Eventually I found a few helpful resources. One was the Southern Caregiver's Resource Center in San Diego. I arranged a meeting and told the social worker my story. We talked about what she called Caregiver's Burnout. She made me feel okay about what all I'd done so far by saying "Some caregiver's in your position would have given up a while ago, and some could go longer. It all depends on what you can handle and only you will know your limits". She helped me get onto a temporary program called Caregiver's Respite Time and the State of California paid for Paul to go into a very nice and nearby Alzheimer's care facility for 12 days. It was a lovely place, they sewed his name into every shirt and pair of trousers he came in with. And it was heaven for me, and Alexander to be free to drive out of town, or just hang out somewhere besides home for hours at a time.

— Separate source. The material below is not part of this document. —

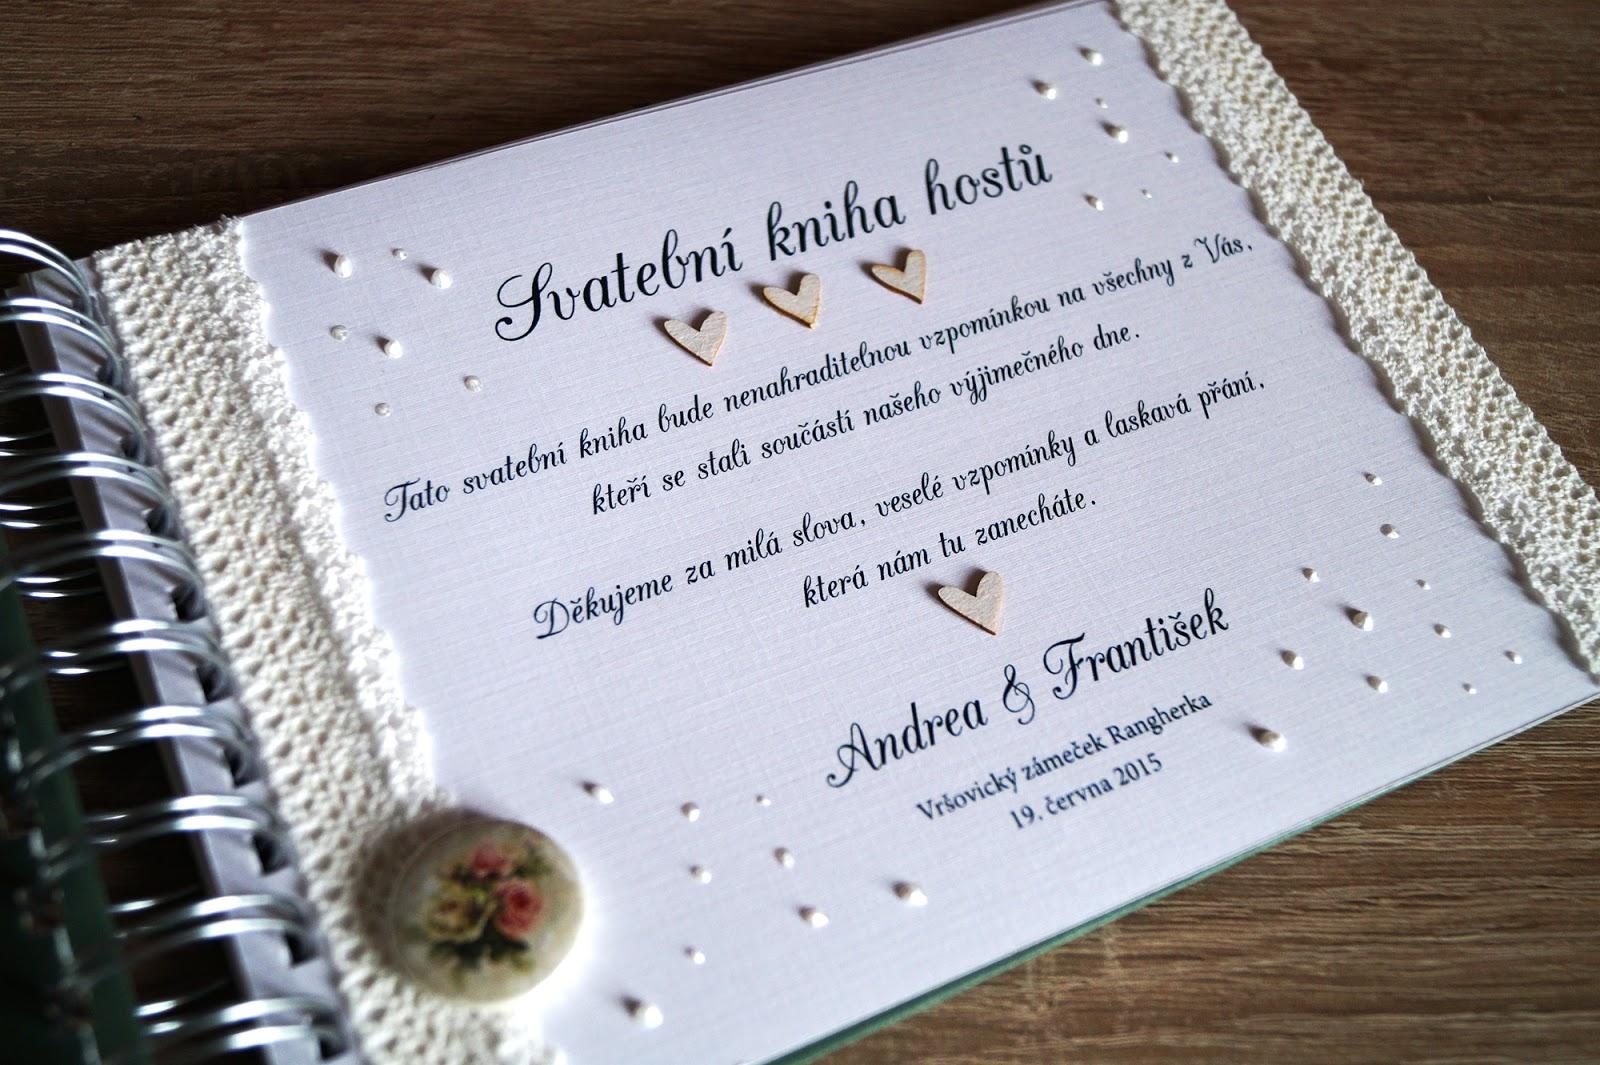 WEDDING ALBUM - Svatební kniha hostů

Avoiding Caregivers Burnout:
1. Make time for yourself (steal it wherever, whenever you can)
2. Honor your feelings and make time for them
3. Know when you are reaching your caregiving limits
4. HALT: don't let yourself get too- hungry, angry, lonely, tired
When It's Time To Ask For Help

By 2009 I could no longer take care of Paul. Our son Alexander and I could rarely get away and Paul was not easy to take out of the home. It was dangerous leaving him alone, for fear he might start a fire.

He did indeed start an oven fire when we were away for a day even with our neighbor looking in on him every hour, Paul put a pan in the oven with oil in it, the apartment alarms went off and when we got home our neighbor was spooning oil out of the bottom of the oven.

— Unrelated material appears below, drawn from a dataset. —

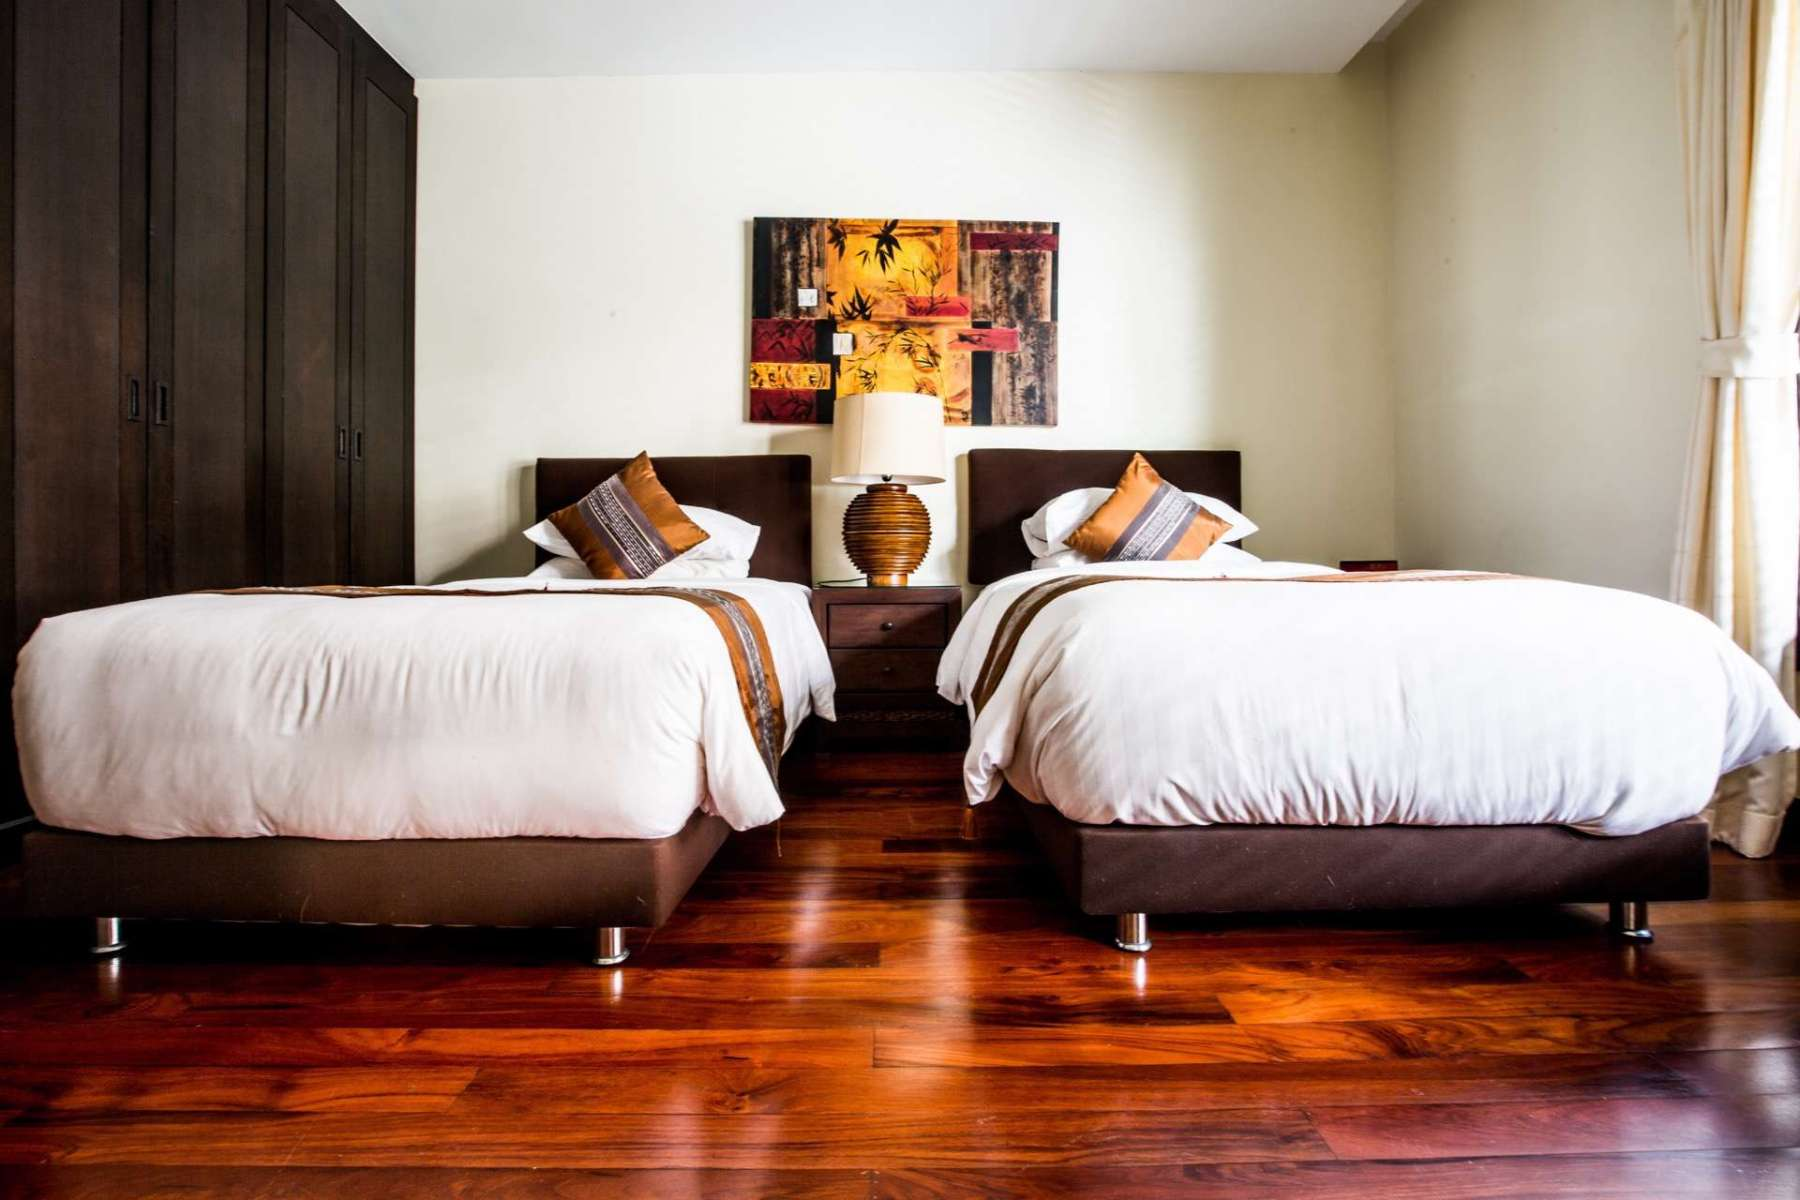 Large-Luxury-Villa-Home-For-Sale-Phuket-Beachfront-Bang-Tao-Thailand-38

I rallied a little money from Paul's family and used some savings and hired a full time "baby" sitter to stay with Paul while I was at work. It was expensive. I didn't have enough, nor make enough money to keep this up and I couldn't handle this for long...

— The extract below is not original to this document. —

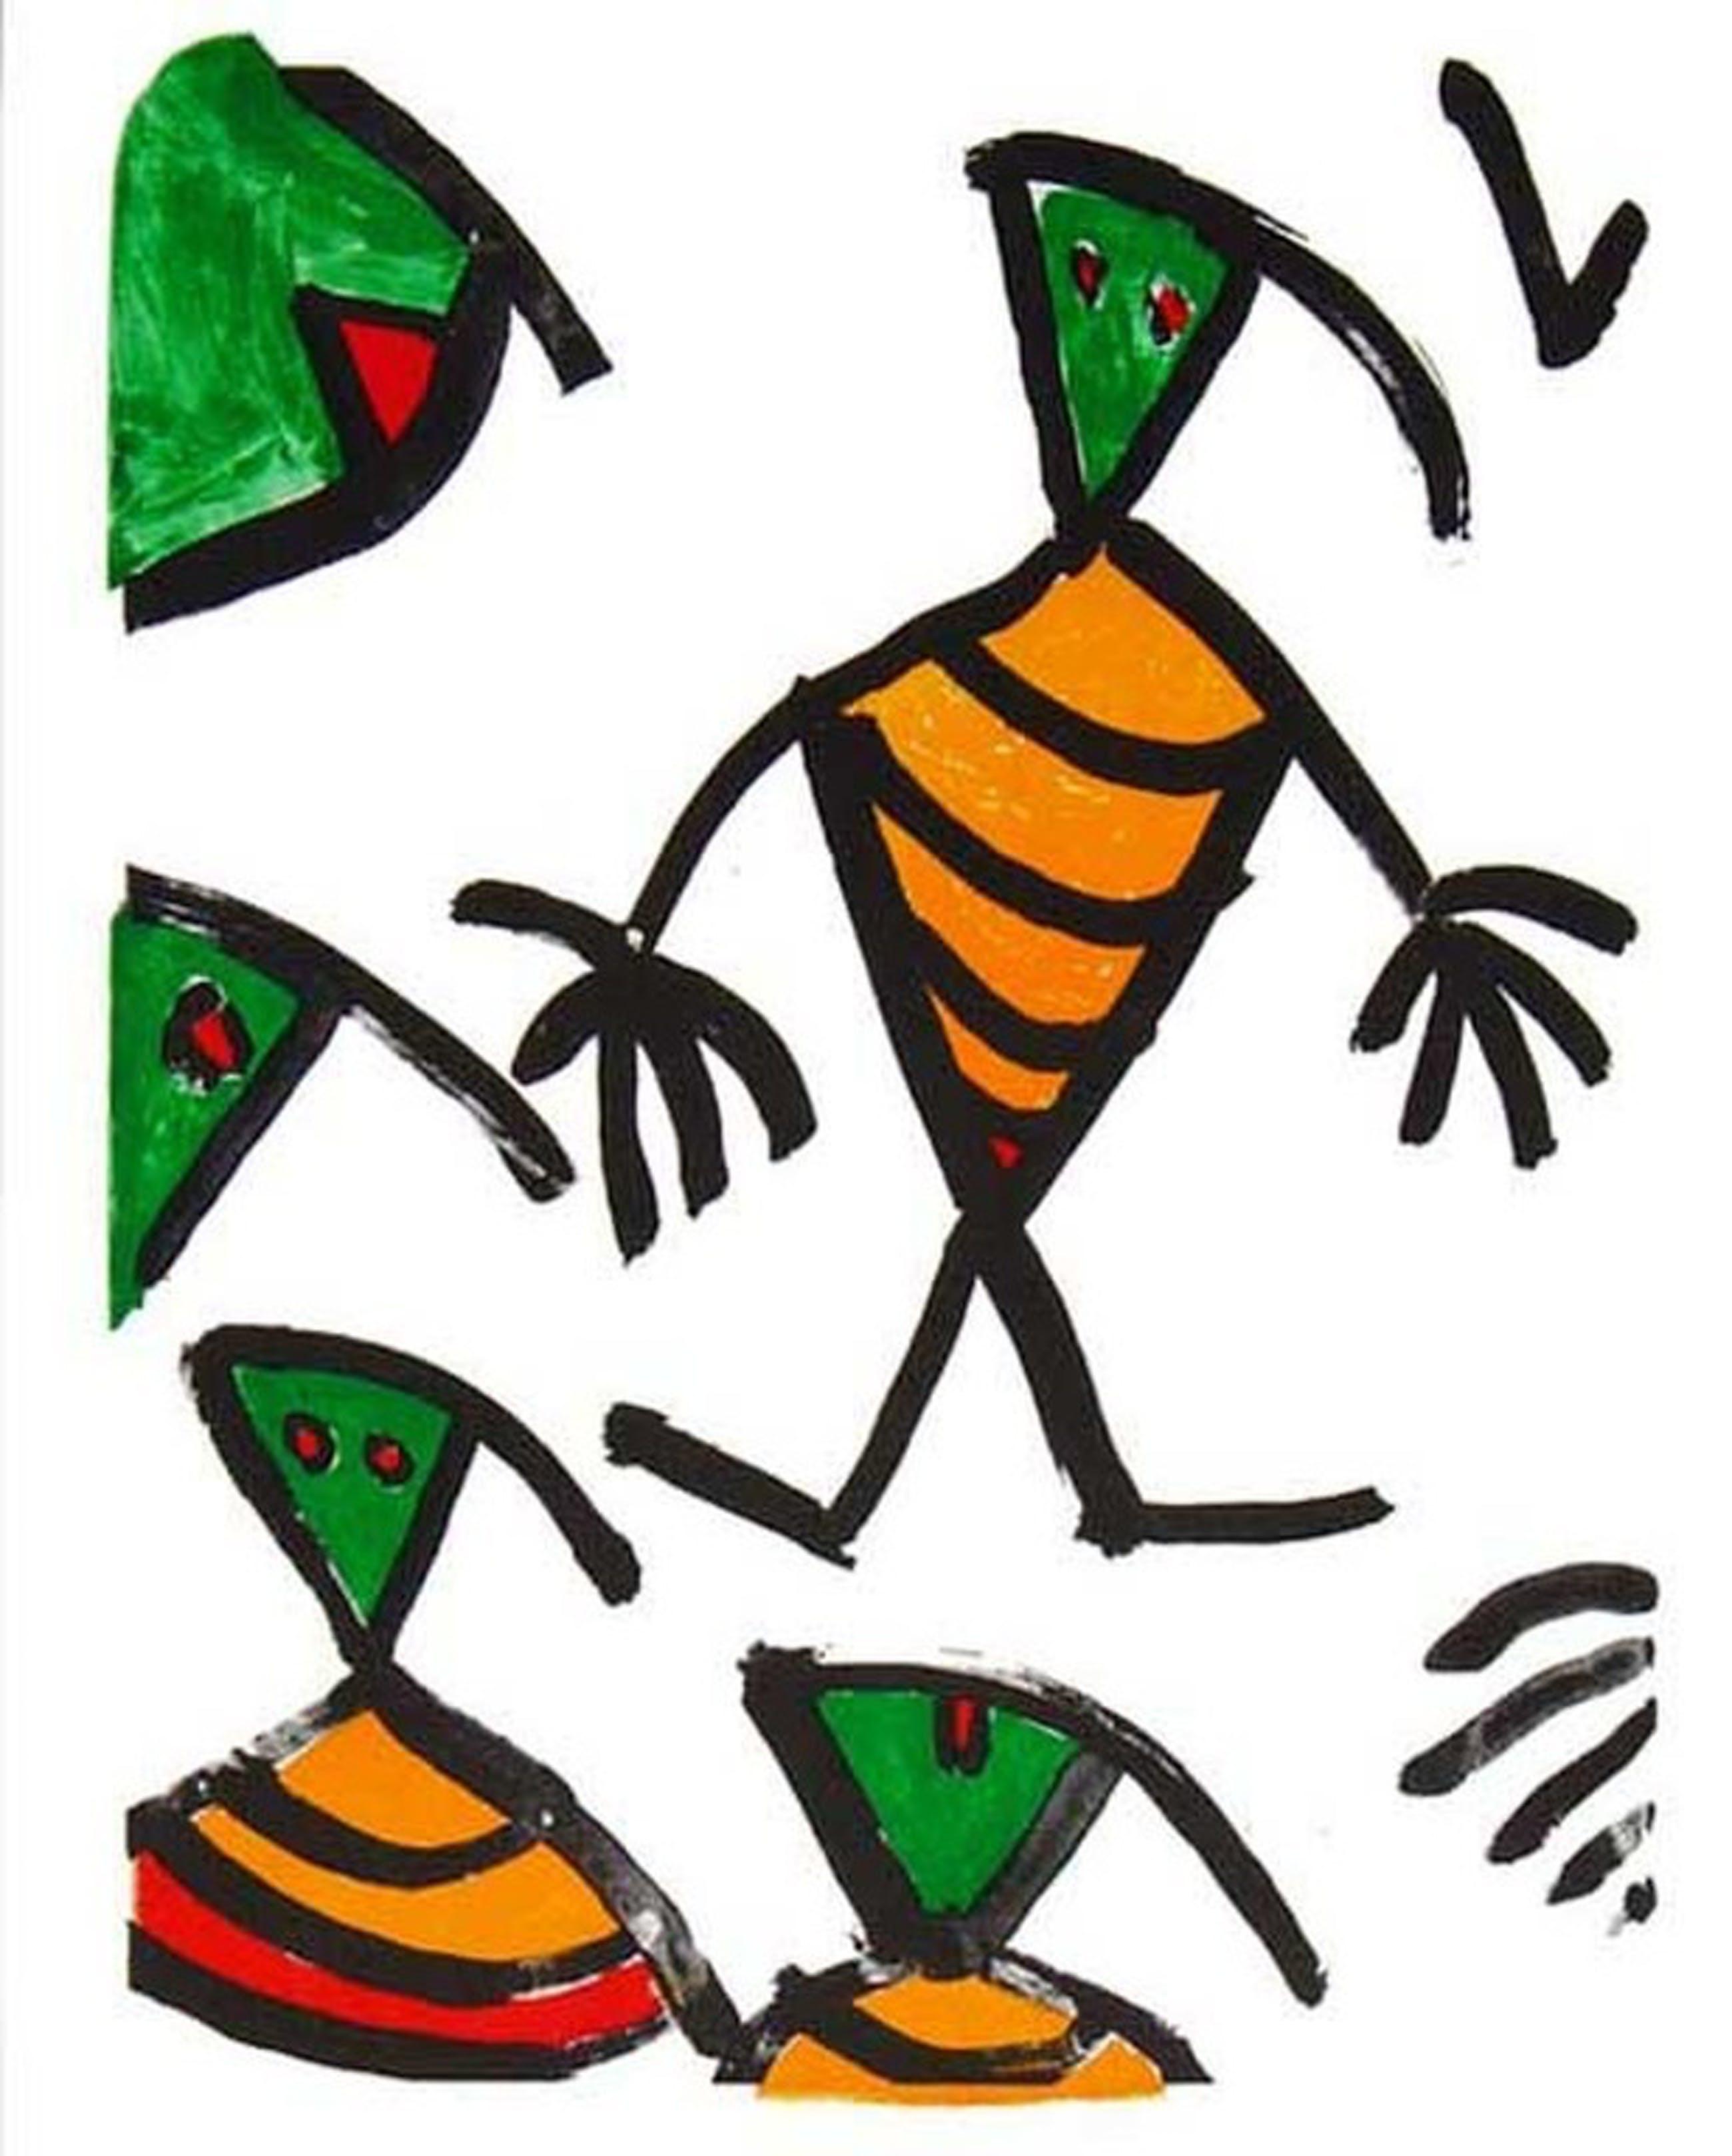 Eugene Ionesco, Affiche Theatervoorstelling, 1982. Voyage chez les morts. kopen? Bied vanaf 15!

San Elijo Lagoon w Paul and Alexander 2007

*      *      *

And a memorial thank you to this kind hearted friend from our church who watched Paul and Alexander on numerous occasions, just to give me a little sanity break. Bless you dear friend, Heidi Salomone.

1 comment:

  1. At least there is symmetry when a child takes over as the primary caregiver for an aging parent. A spouse is supposed to be a support, not a burden. It's important to take time to relax. Someone gives me a back rub, and suddenly I am aware of all kinds of soreness that was hidden from my consciousness. Back and neck muscle tension are a sign of packing around emotional and physical burdens for me.